Go to TMLR homepageKeep your distance: learning dispersed embeddings on $\mathbb{S}_{m}$
Abstract: Learning well-separated features in high-dimensional spaces, such as text or image embeddings,
is crucial for many machine learning applications. Achieving such separation can be effectively
accomplished through the dispersion of embeddings, where unrelated vectors are pushed
apart as much as possible. By constraining features to be on a hypersphere, we can connect
dispersion to well-studied problems in mathematics and physics, where optimal solutions are
known for limited low-dimensional cases. However, in representation learning we typically deal
with a large number of features in high-dimensional space, and moreover, dispersion is usually
traded off with some other task-oriented training objective, making existing theoretical and
numerical solutions inapplicable.

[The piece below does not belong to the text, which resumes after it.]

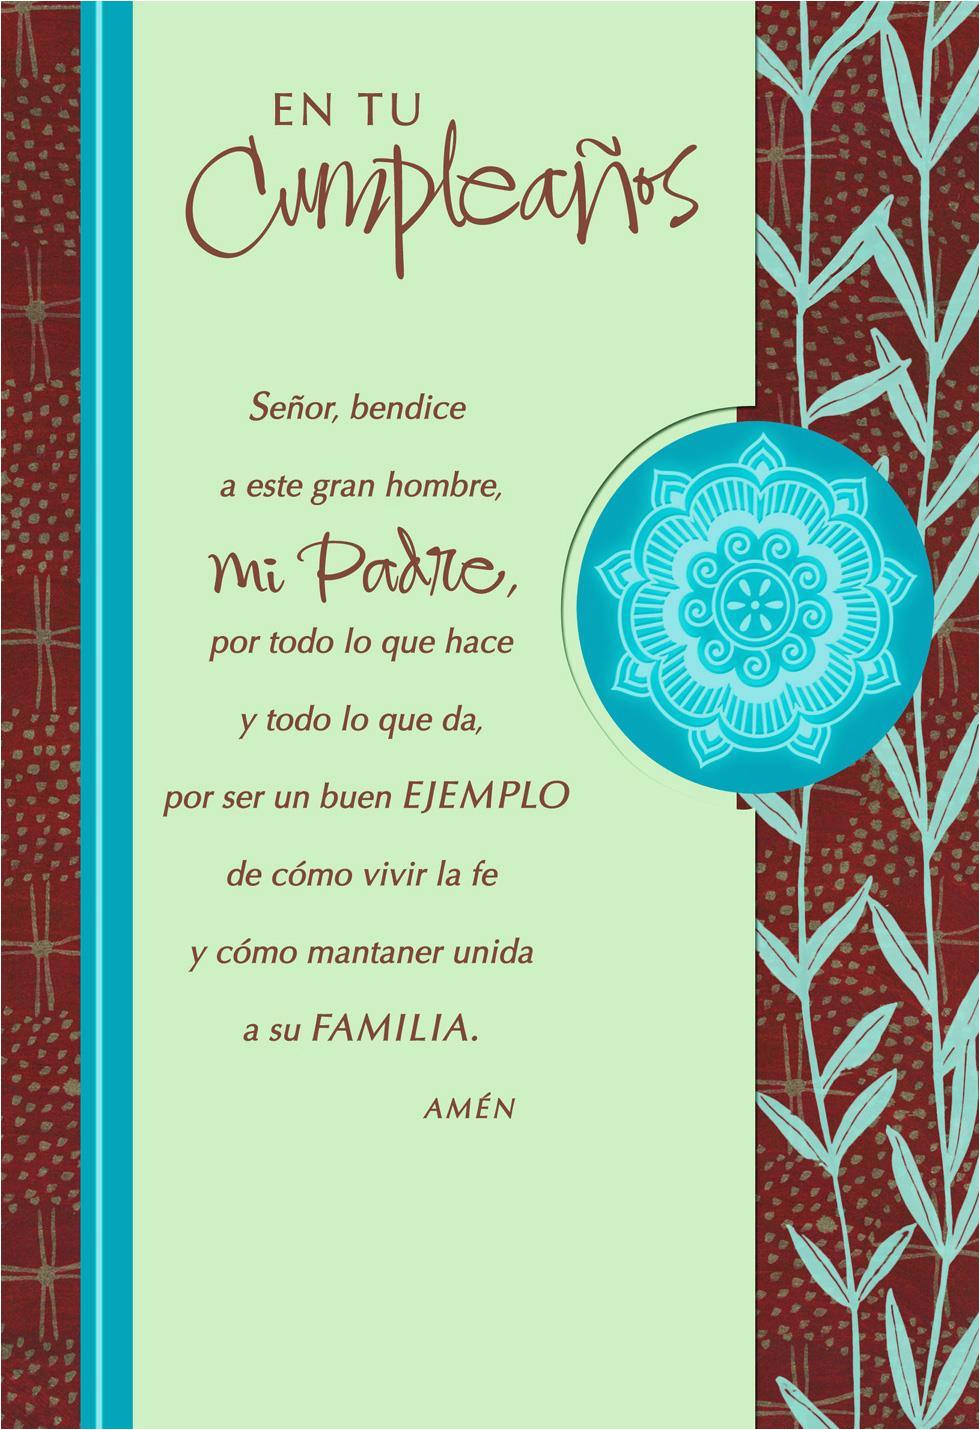 my prayer for you dad spanish language religious birthday card 299man2748

Therefore, it is common to rely on gradient-based methods
to encourage dispersion, usually by minimizing some function of the pairwise distances.
In this work, we first give an overview of existing methods from disconnected literature,
making new connections and highlighting similarities. Next, we introduce some new angles.
We propose to reinterpret pairwise dispersion using a maximum mean discrepancy (MMD)
motivation. We then propose an online variant of the celebrated Lloyd’s algorithm, of
K-Means fame, as an effective alternative regularizer for dispersion on generic domains.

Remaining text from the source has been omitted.